Healthcare Reform: Whatever Happened to Access to Affordable, Quality Care?
As the rhetorical debate heats up on healthcare, much of it centers on the cost of reform and its impact on our ever-growing deficit. A few months ago, at the heart of the reform movement (as I understood the Obama Administration), was the idea that every American would have access to affordable, quality healthcare, which, to some people, is a right not just a privilege. In essence, such reform would change the healthcare delivery model, ideally bringing care, including preventative and chronic condition management care for such diseases as diabetes, to all Americans.
According to an interview on American Public Radio's July 28 Marketplace with George Halvorson, CEO of Kaiser Permanente, the healthcare reform movement has shifted focus to cost containment and away from Obama's original goals of Americans having affordable access to quality care. Halverson noted that if everyone has access to quality care to support preventive measures, it could save the country substantial costs later on. Halvorson explained that only 8% of diabetics currently get all of the care that they need (note that the radio piece did not differentiate between Type 1 and Type 2 diabetics). Halvorson went on to say that if the U.S. could get 80% of our diabetic citizens the proper care that they needed now, when they need it, the rate of kidney failure would be cut in half later, thus reducing the costs of caring for those with renal failure.
Yet it seems that, with every passing day, we migrate away from those core goals of affordability, accessibility, and quality in favor of only cost. Not that cost doesn't matter; with a national debt reaching a dizzying amount of $11.7 trillion, it must be a consideration.
The system as it stands today is not affordable, with one in seven Americans without health insurance, and an estimated 2.4 Americans having lost health insurance since the recession began. Furthermore, third-party insurers increasingly deny more and more claims, even for those that pay them hundreds a month to be "insured" and have costs covered.

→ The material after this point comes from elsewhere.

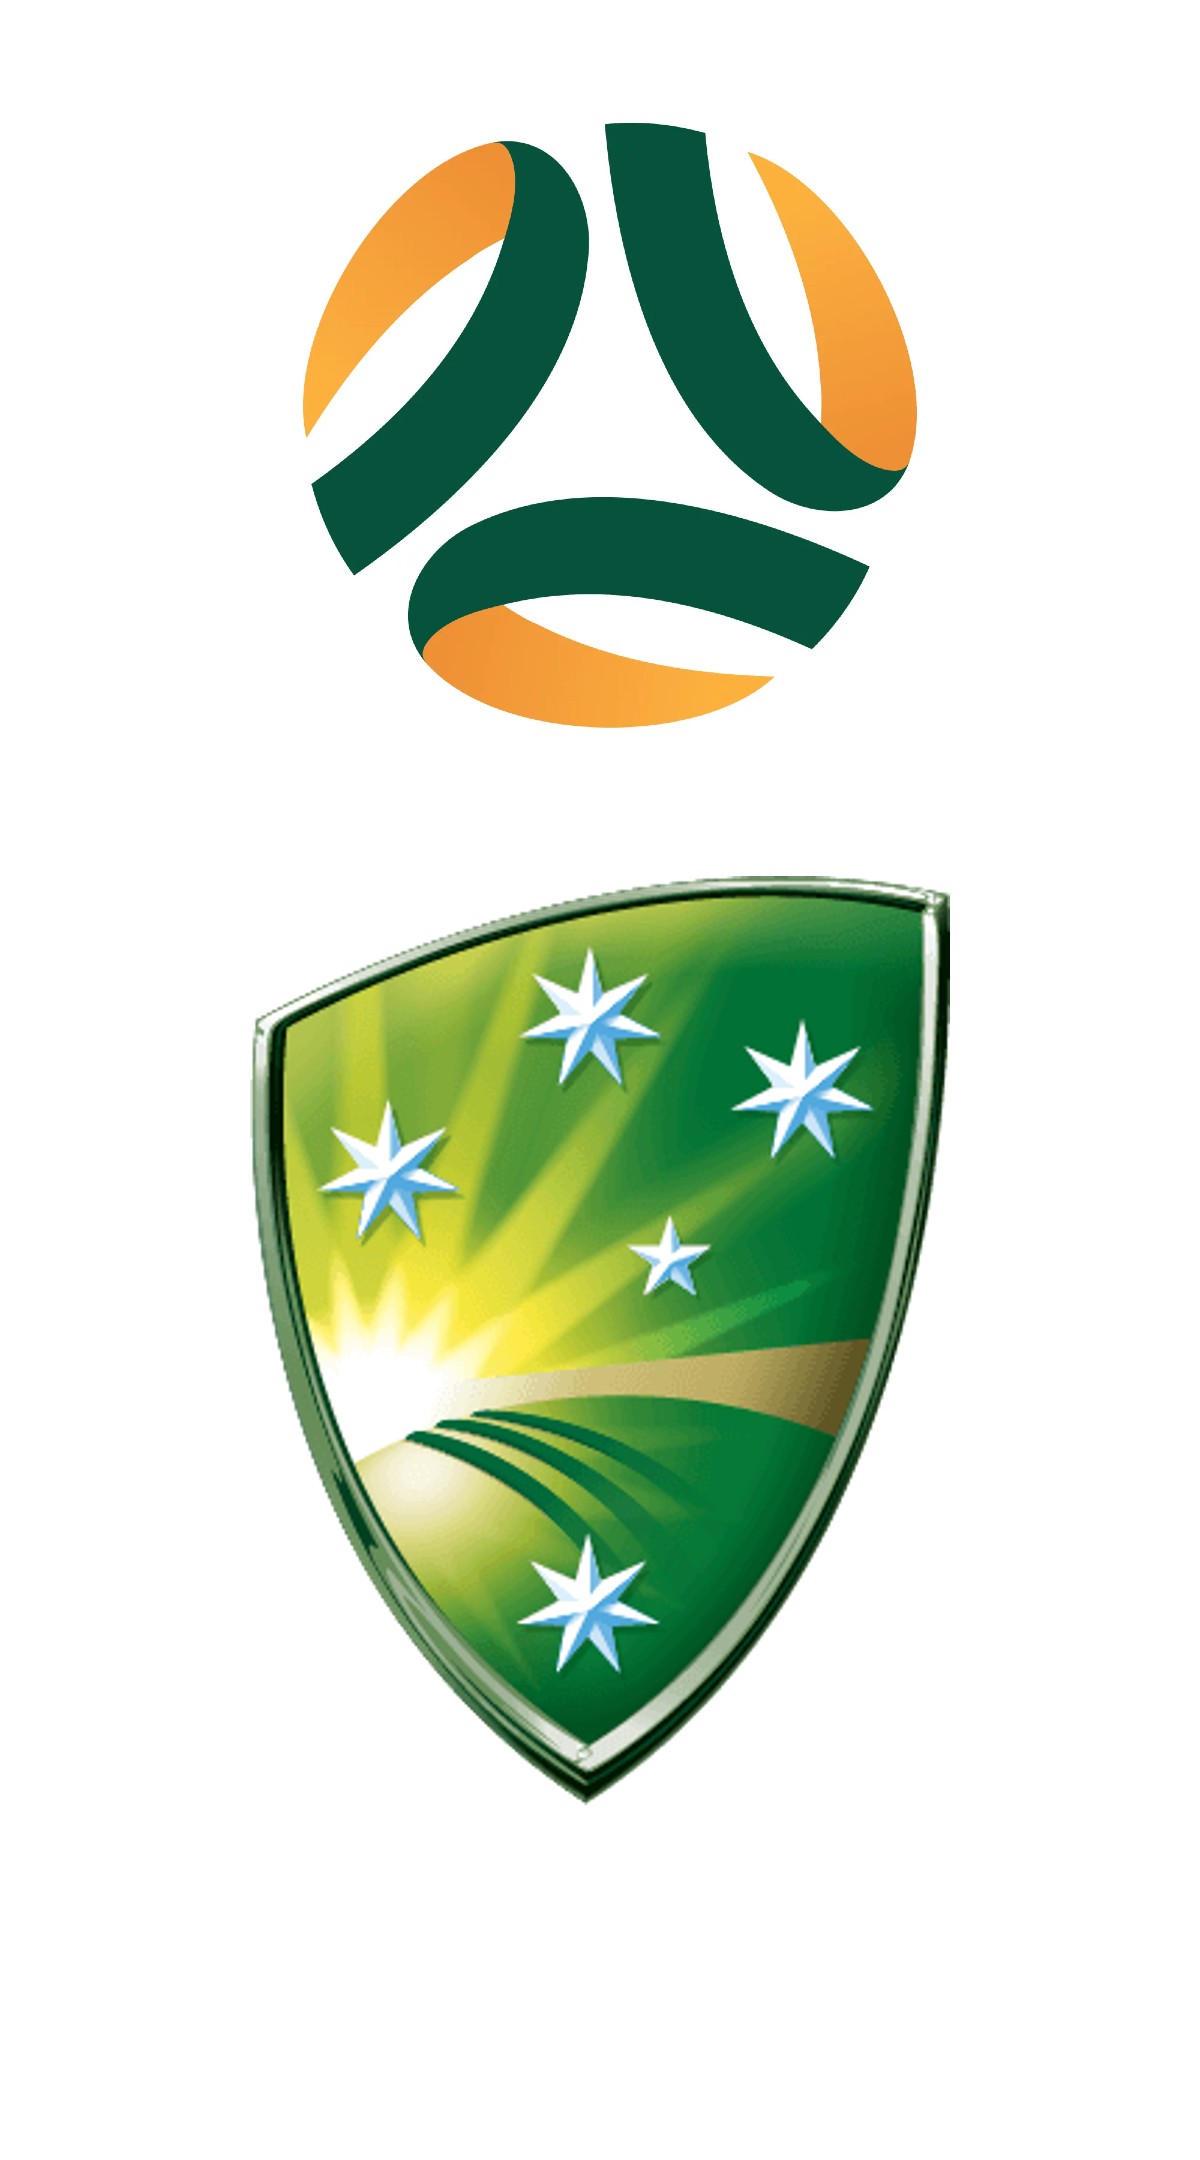 ICC Cricket World Cup Logo Designs (1975 – 2019)

It's taken me months to try to get approximately two thousand dollars of allowable costs reimbursed for my son's diabetes care, from payments for out-of-network practitioners to prescription reimbursements, and I'm not even 50% of the way there, having spent hours photocopying, sending, faxing, or on the phone making inquiries about the status of my reimbursement. If I "billed" the insurance company the time I'd spent trying to figure out my reimbursement, I'd be ready to retire.
I admit, I wearied of the inconvenience and inaccessibility of American healthcare long before our family began our diabetes adventure. I stepped "off the grid" several years ago and found a family doctor who provides accessible primary care affordably. The catch: I need to pay out of pocket. The practice, DocTalker Family Medicine, takes no insurance. It was an easy decision to make for me: the practice offers its patients 24/7 access to their medical team for anything from phone-in questions to urgent-care office visits to a house call, therefore paying for the convenience and subsequent doctor-patient relationship was an easy choice for me. The office bases its fees on the time a patient spends with a practitioner, with 10 minutes costing roughly $45.
It is this same team of doctors that helped me and my husband during the time that we made our son's diabetes diagnosis. Our family had been visiting New York City right after the Christmas holiday and my husband and I were concerned about the possibility of our son displaying come of the classic symptoms of Type 1. I contacted our doctor, Alan Dappen, via email Sunday morning. Not more than two hours later, Dr. Dappen called my cell phone while I was walking the streets of Manhattan (looking for a snack yet again for my famished child). He wanted to discuss my son's symptoms, gauge the situation's urgency and determine the plan of action. My cost for the phone call? $45. I frankly would have paid a lot more for the medical guidance offered so quickly and during off-hours. (In the interest of full disclosure, I joined the practice's team about a year ago.)
There is no doubt that cost should be carefully considered as we as a Nation seek to reform our very broken healthcare system. But shouldn't we also return to some of the core objectives that are should be sought with this reform, namely affordability, accessibility and quality?
Of course, if we look hard enough, maybe some of us can find that affordable, accessible and quality care solutions already exist out there, if only we are willing to pay a fair and honest price to our doctors rather than the hidden costs of a broken health care insurance system which has more interest in today's bottom line than our long-term health.